I swear everything i do just makes baby angry... talking on the phone, reception was bad, i just said sorry i cannot hear you, baby can say it again but in an angry tone... whats with me.... i am really a mess for her to handle... she say i am perfect to her but she acting like i am not... she used to like me being clingy but not now anymore...

Saturday, July 8, 2017

8th July 2017

It's really suffering to receive cold treatment from baby... idek if you know that it hurts when you do that... but its all okay... i can take it... just as long as you feel okay and better baby....

Friday, July 7, 2017

7th July 2017

I am a fucking weakling in love and relationship... really doubting myself if i am good and strong enough to handle love...

Thursday, July 6, 2017

7th July 2017

Sometimes i really think i suck at relationship... i just suck... i am so difficult to love... so difficult to satisfy... because of all my insecurities... i cannot bear to get angry and scold... i just cant... i rather i take in everything and feel all the pain myself dhen seeing baby getting angry at me... telling ger everything will only make her more angry eventhough she told me to just tell her what i feel and think... because all i wish is for her to be happy... she happy, i'll also be happy...

6th July 2017

It is our 7th monthsary together.
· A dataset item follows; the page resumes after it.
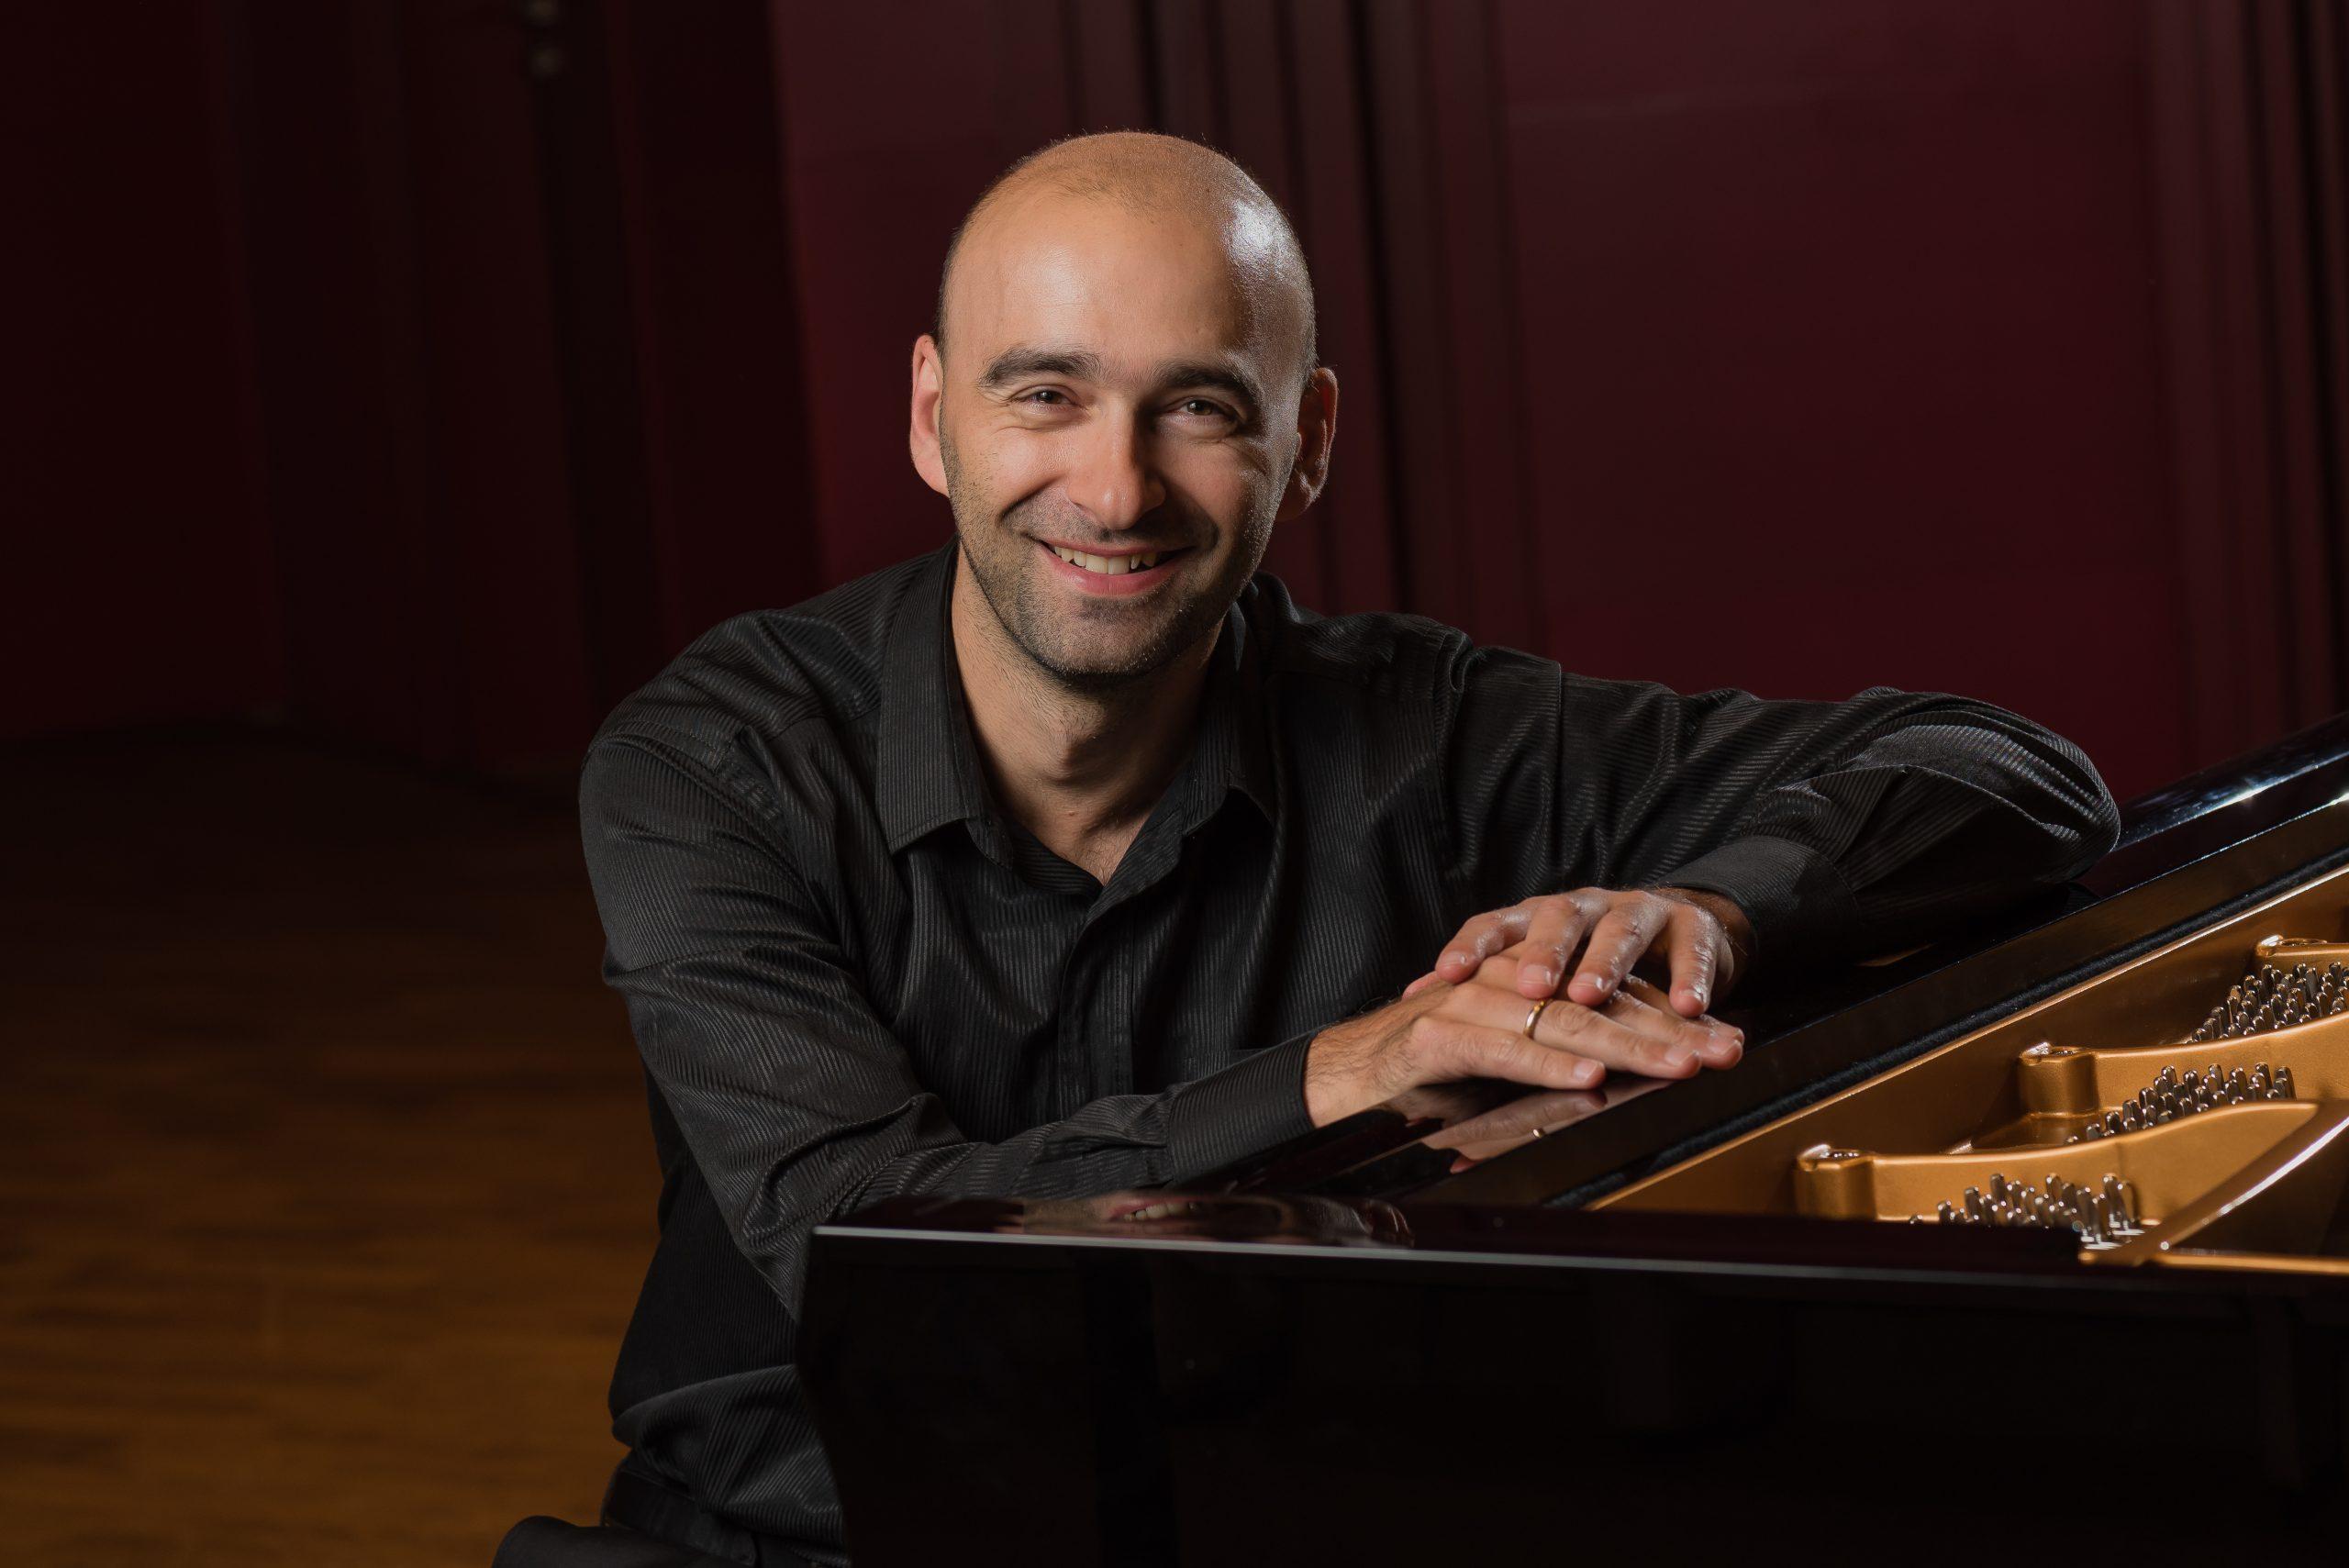 Харьковчан приглашают на онлайн-концерт польского пианиста

Wished baby with a long long passage. She's still pms-ing and angry with me... giving me only a "happy 7th month 💕💕💕"... That short "happy 7th month 💕💕💕" was so familiar because thats what she said to her ex... and that was the last time she said it to him... making me so scared that it could be the last time she saying it... 😔😔😔 sometimes i think i am really not good enough to meet her standards and requirement... i wish i can be a better bf for her...

Wednesday, July 5, 2017

2nd July 2017

Baby want me to tell her how i feel and dont hide my feelings and what i think... tell liao dhen she angry... what can i do... if i do to you what you do to me... you really wouldnt like it baby... but still, i love you....

Sunday, July 2, 2017

2nd July 2017

I know you're pms-ing baby but how you treating me and how you treating your girl friends is just different... and you tell me you pms?... its hirting okay... cant you feel my pain...

Saturday, July 1, 2017

1st July 2017

Baby is pms-ing... really dont feel good when she being cold to me because she pms... asked her if there is anything i did/do that actually make her heart flutters and she replied no... that was really hurting to know... i cannot help but wonder if baby really in love with me... 😳😳 i dont know how to explain further... that reply made me so confused and hurt...

Thursday, June 8, 2017

8th June 2017

Its really pain man... its like a knife stabbed into my heart and then twisting the knife around in the heart... baby... talk to me normally and lovely like how we use to please.... 💔 Am i still your number 1 priority?? Am i still the most important to you?? Are you as obsessed with me?? Do you miss me all the time?? Do you really love me baby?? Tell me baby... Let me know... Lets pour our hearts out to each other okay...

8th June 2017

When?.... when will baby be talking normally like how we use to talk again??... why is she doing this to me?.... why cant you tell me baby?... i really want to know.... it hurts you know... why cant we just sit down, explain, solve and settle everythimg calming together?...

Wednesday, June 7, 2017

7th June 2017

I really wishing baby can be lovely to me again... 😔😔😔 I already really tried my best to show you my change although its only just been 3 days...

7th June 2017

Met baby and sent her to school this morning. Then she decide to reach school late, so we skipped a few trains and went to nex to wall for abit as her friend asked her to buy food. Baby finally simmered down abit and start to be close to me again :) She hugged me again :) It feels really great to be able to be hugged by baby again i swear. She also held my hand again :) Then continued to send her to school. Reached J8, she was afraid a lot of her teachers will be around so i sent her off at 1 of the J8 exit which she brought me to. Hugged her goodbye and she kissed me 😊😊😊 I hope you know that i am happy babyy. 😊 After her school, she came over to my work to find me. We walked around chit chatting holding hands. Walked to sentosa and back, then around vivo city looking at toy r rus and babies stuff. We then went to an exit, hugged and kissed intensely. I hope baby knows that i've missed her hug and kiss so so so sooooooo much. I miss everything about her. The way she look at me, the way she talks to me, her holding my hand, hugging me, kissing me and making out with me. I miss everything sooooo much. She turns me on every single time when we start hugging and kissing. Hope you know that babyyy :) We got some skin contact and gave her a love bite. :) After that, brought her down to mrt station to send her off to go home.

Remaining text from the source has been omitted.